__Aim of the task__: All of the data should be reproduced word for word, though its pictures must be omitted.

__Data provided__:
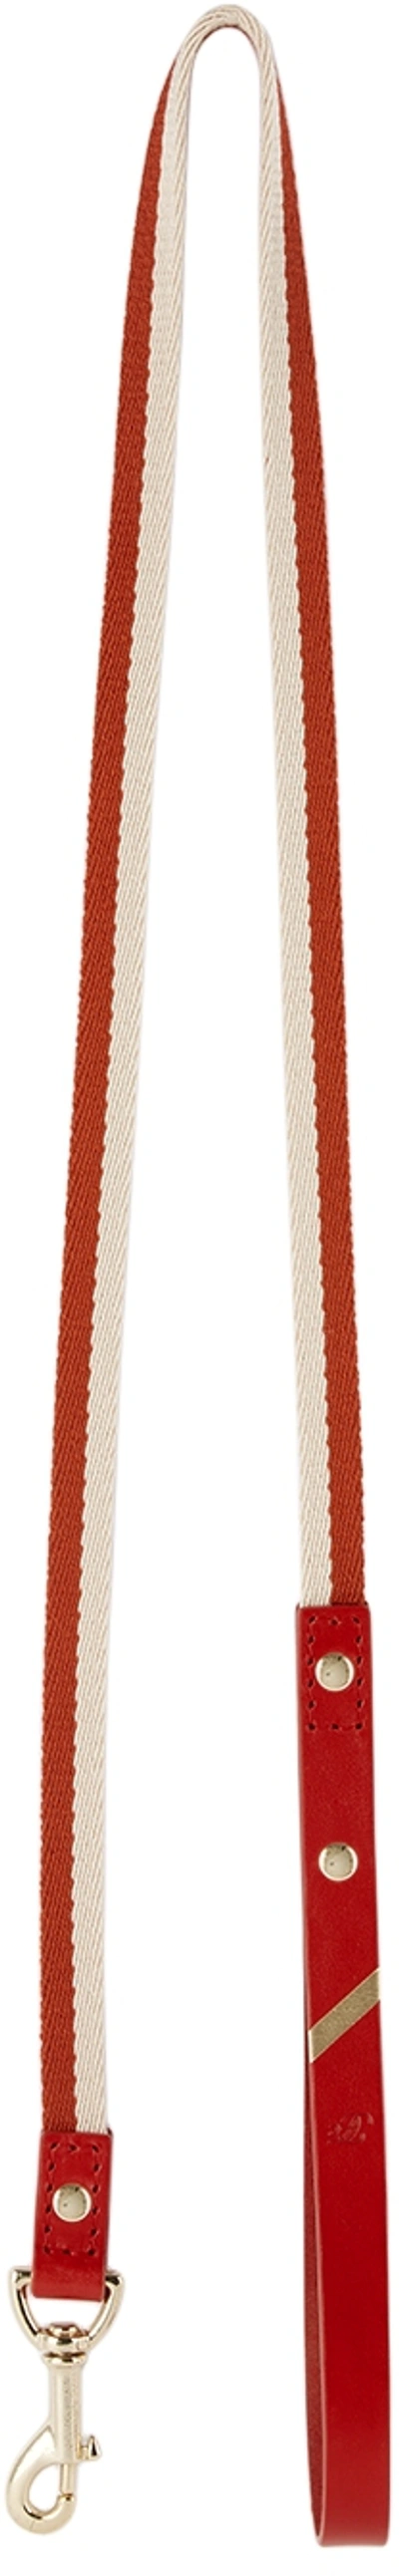 Shop Fantastical Creatures Club Red & Off-white Stylish Me Leash In Monte Carlo
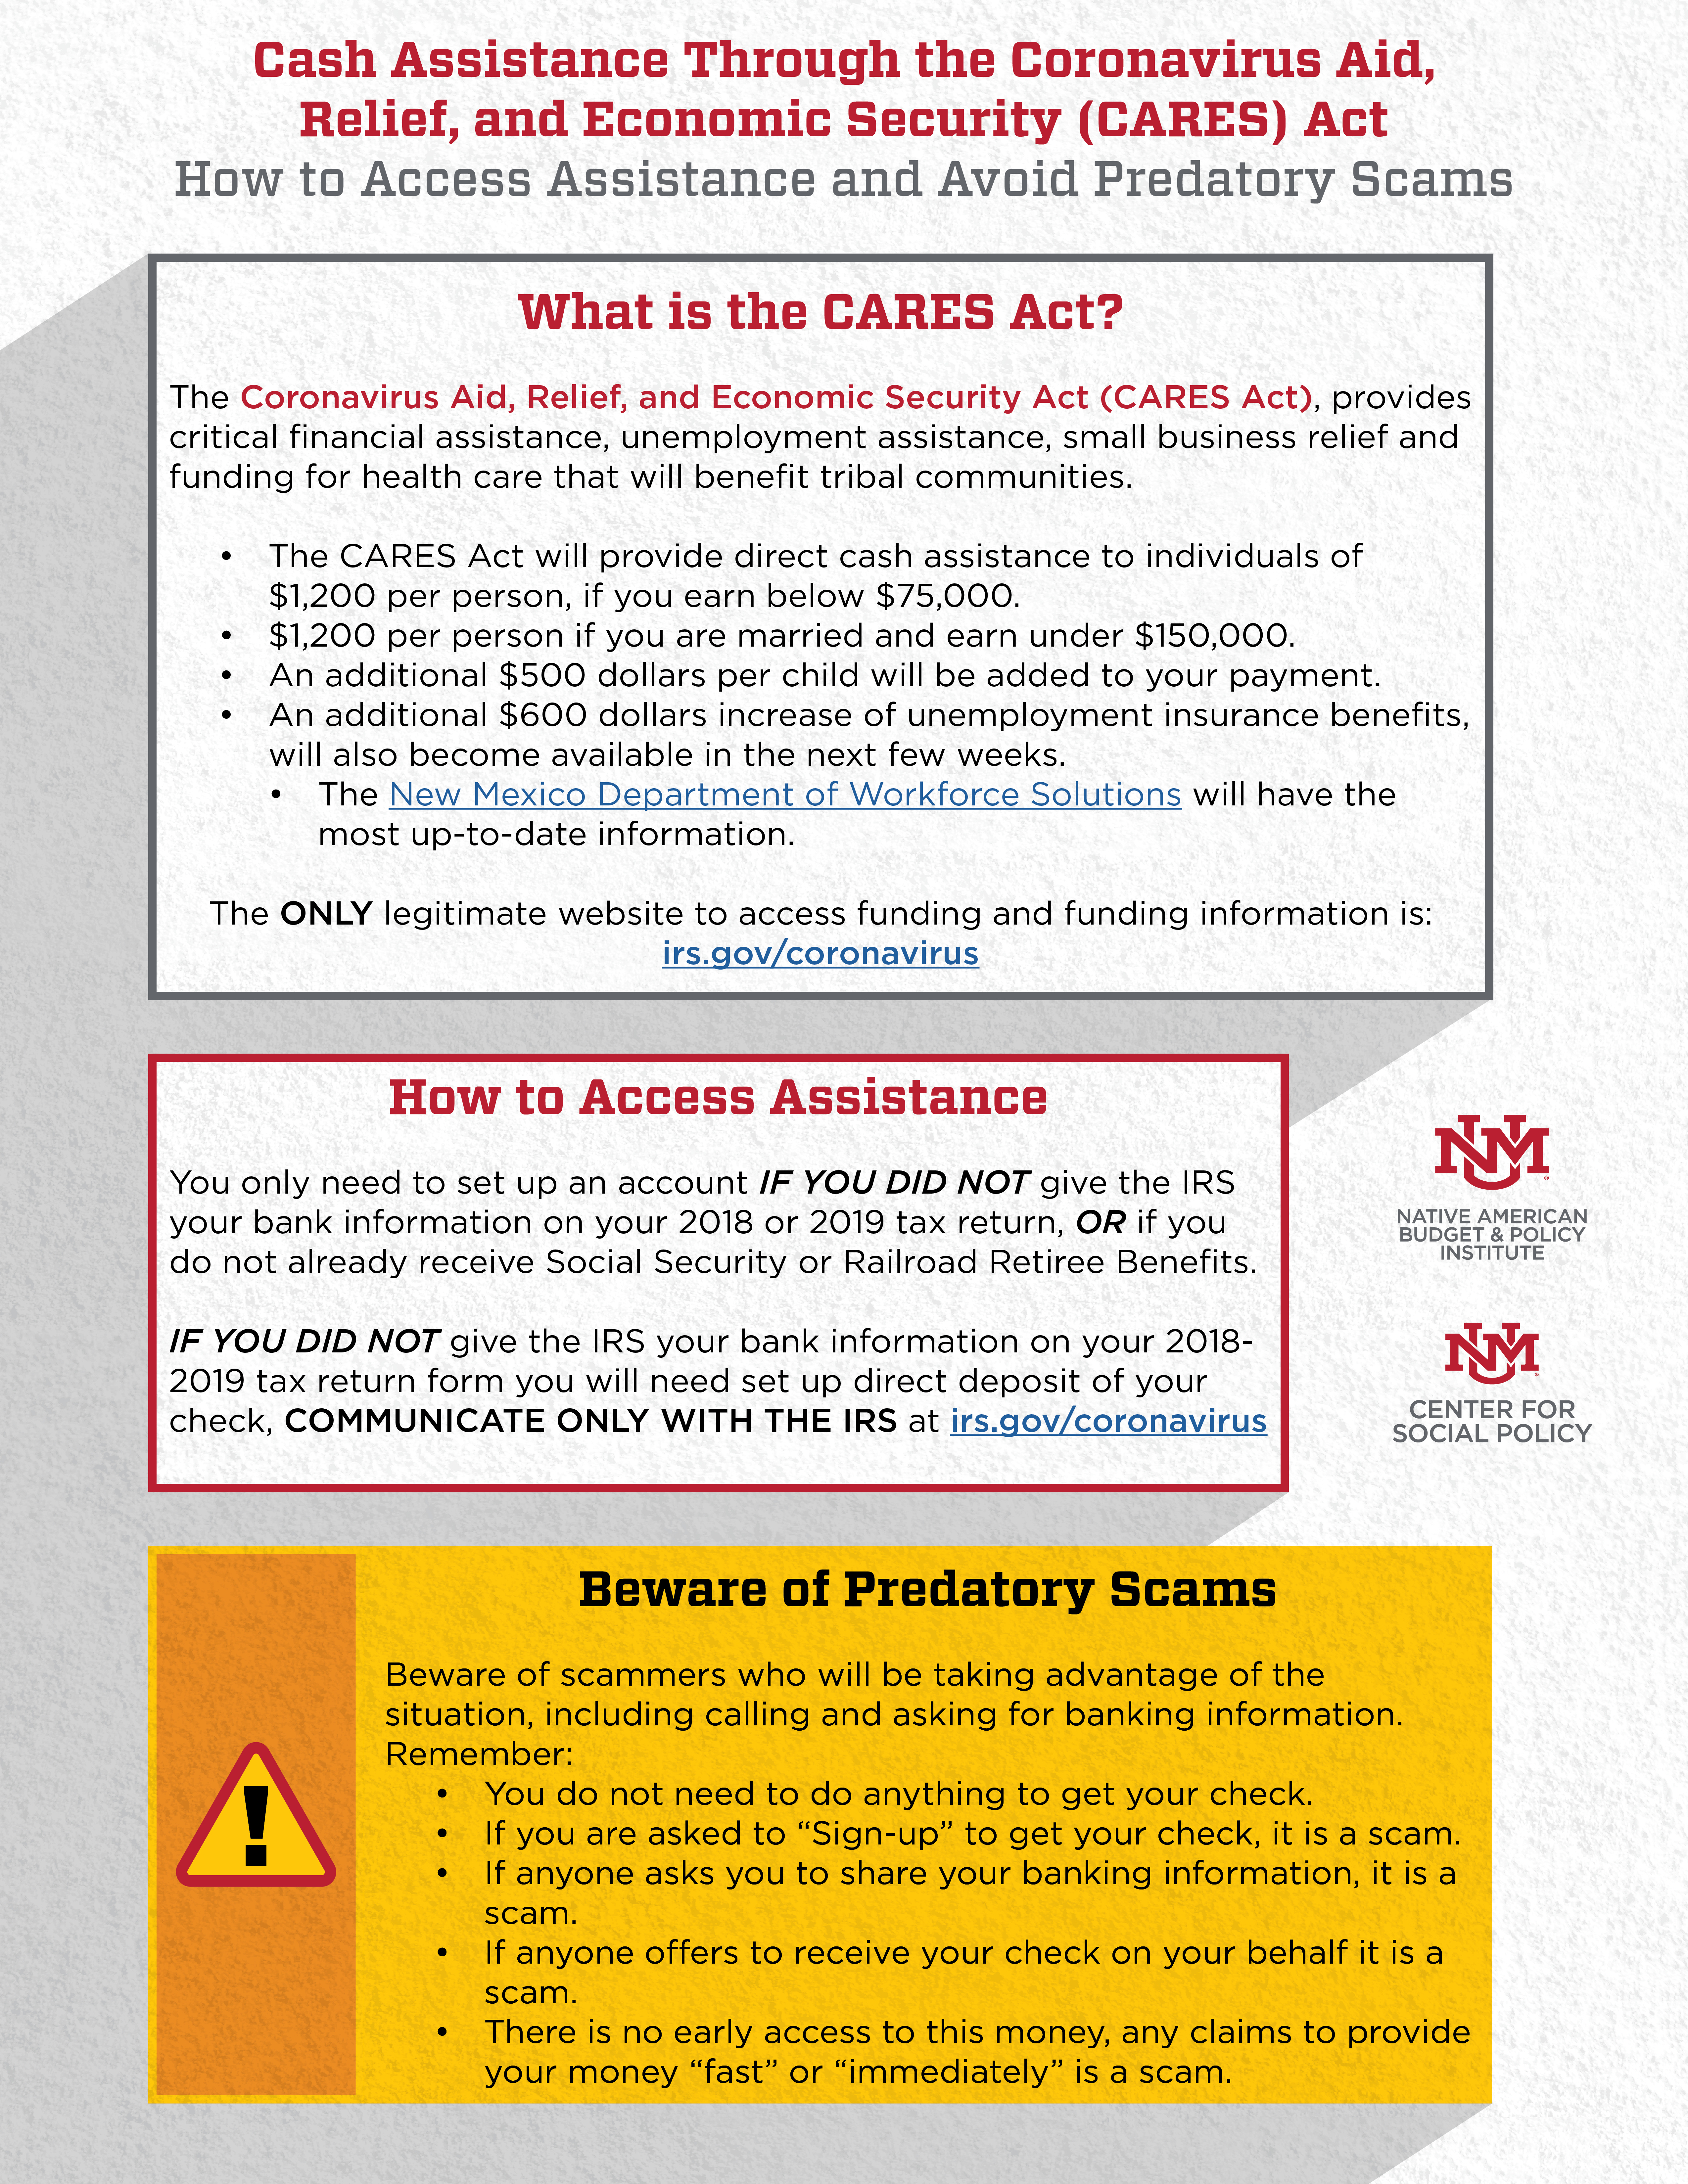 cares-act-access-and-scam-info.jpg
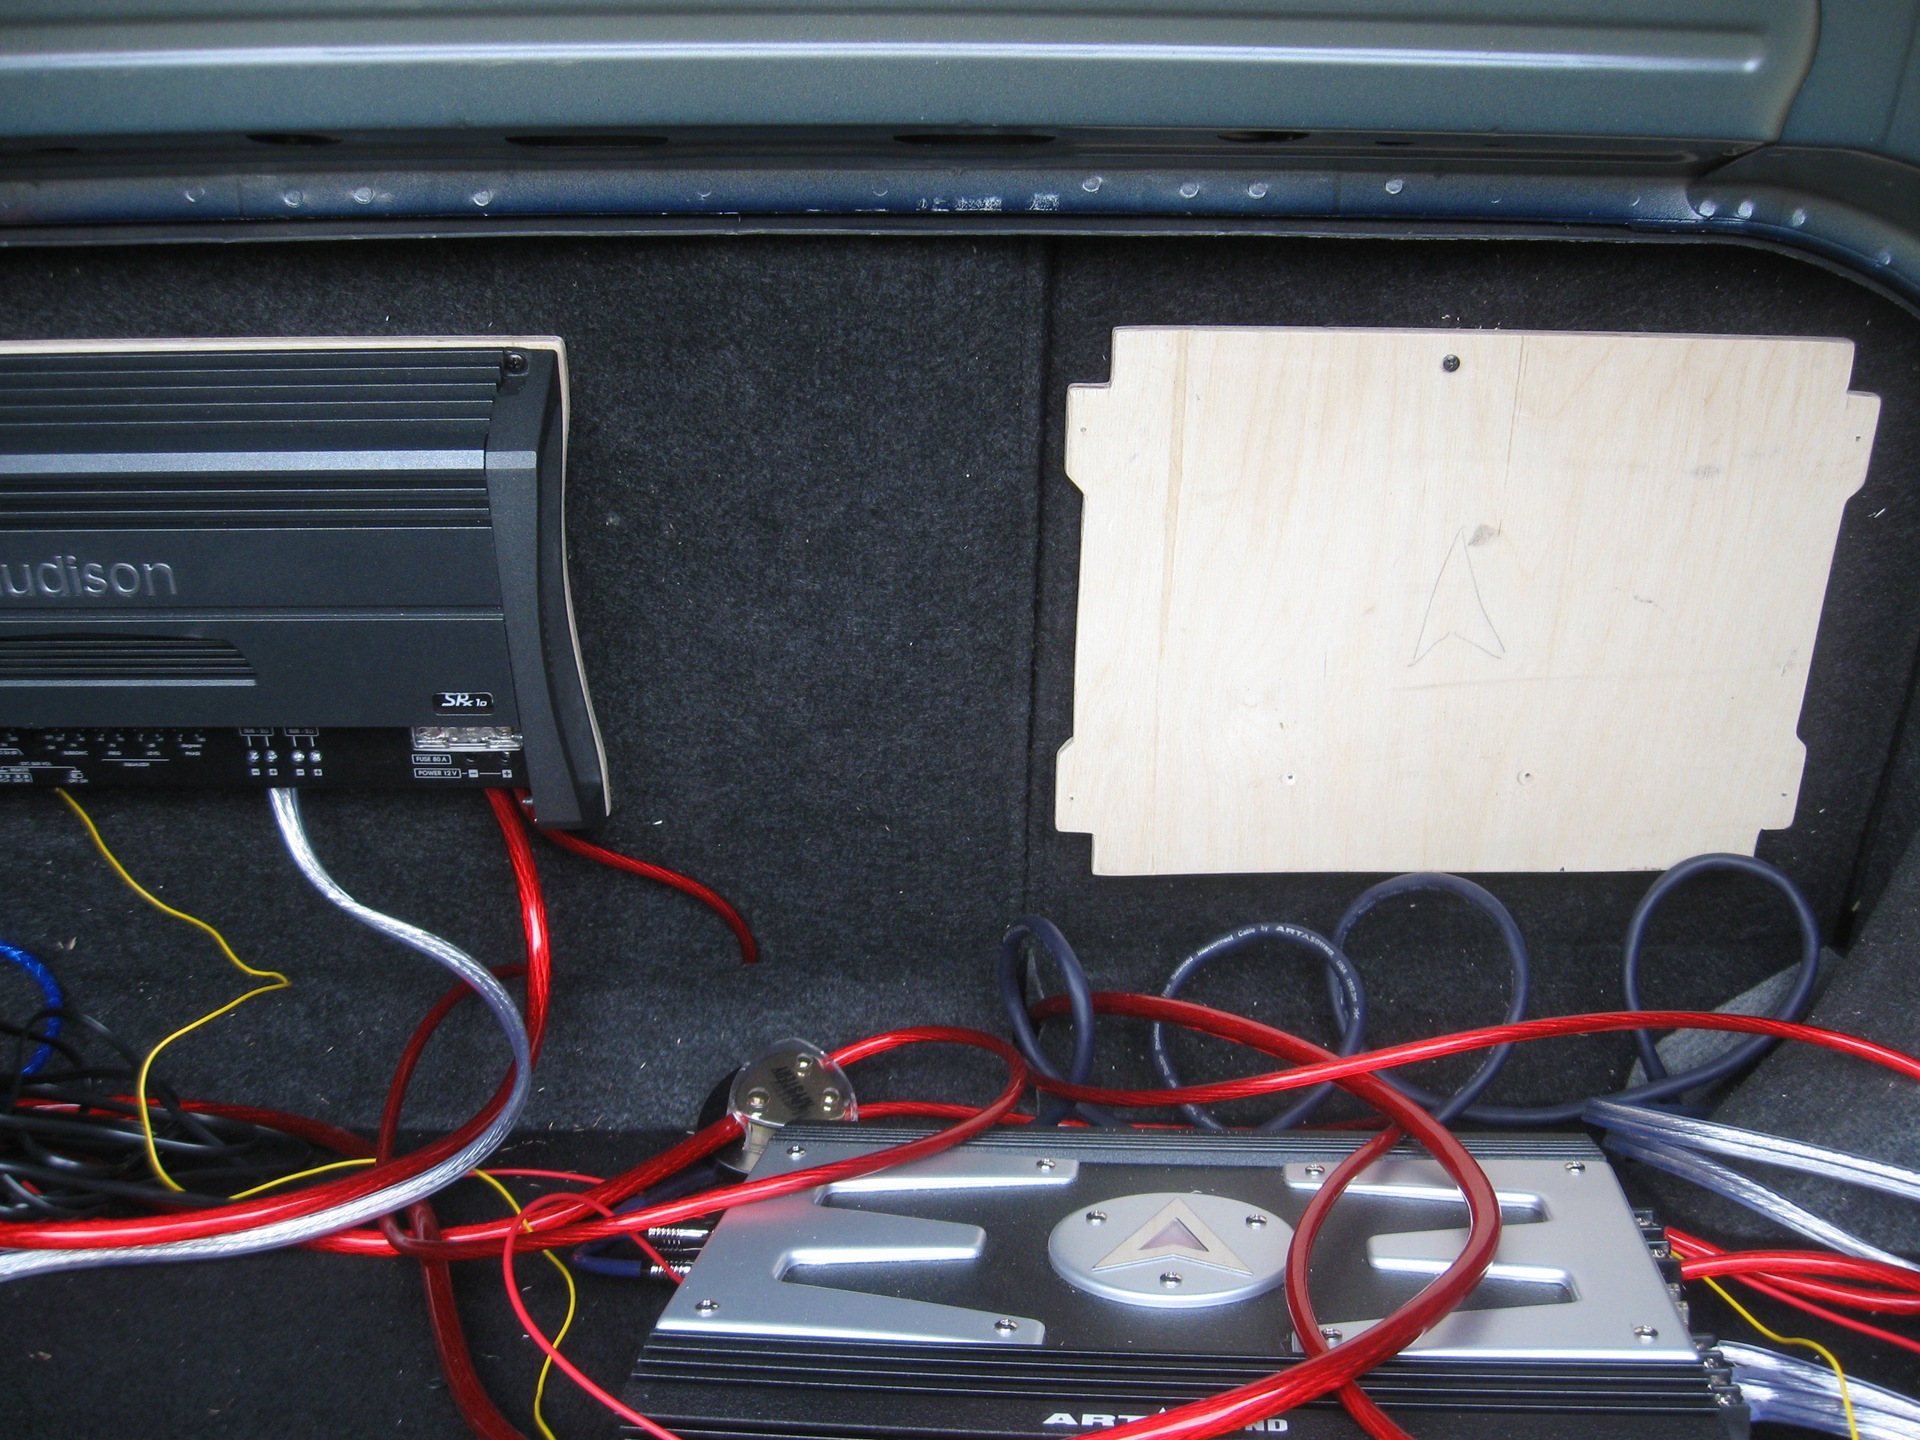 Changing the speaker system in a car - Toyota Corolla 16 liter 2005

__Answer for the task__:
 Shop Fantastical Creatures Club Red & Off-white Stylish Me Leash In Monte Carlo
 cares-act-access-and-scam-info.jpg
 Changing the speaker system in a car - Toyota Corolla 16 liter 2005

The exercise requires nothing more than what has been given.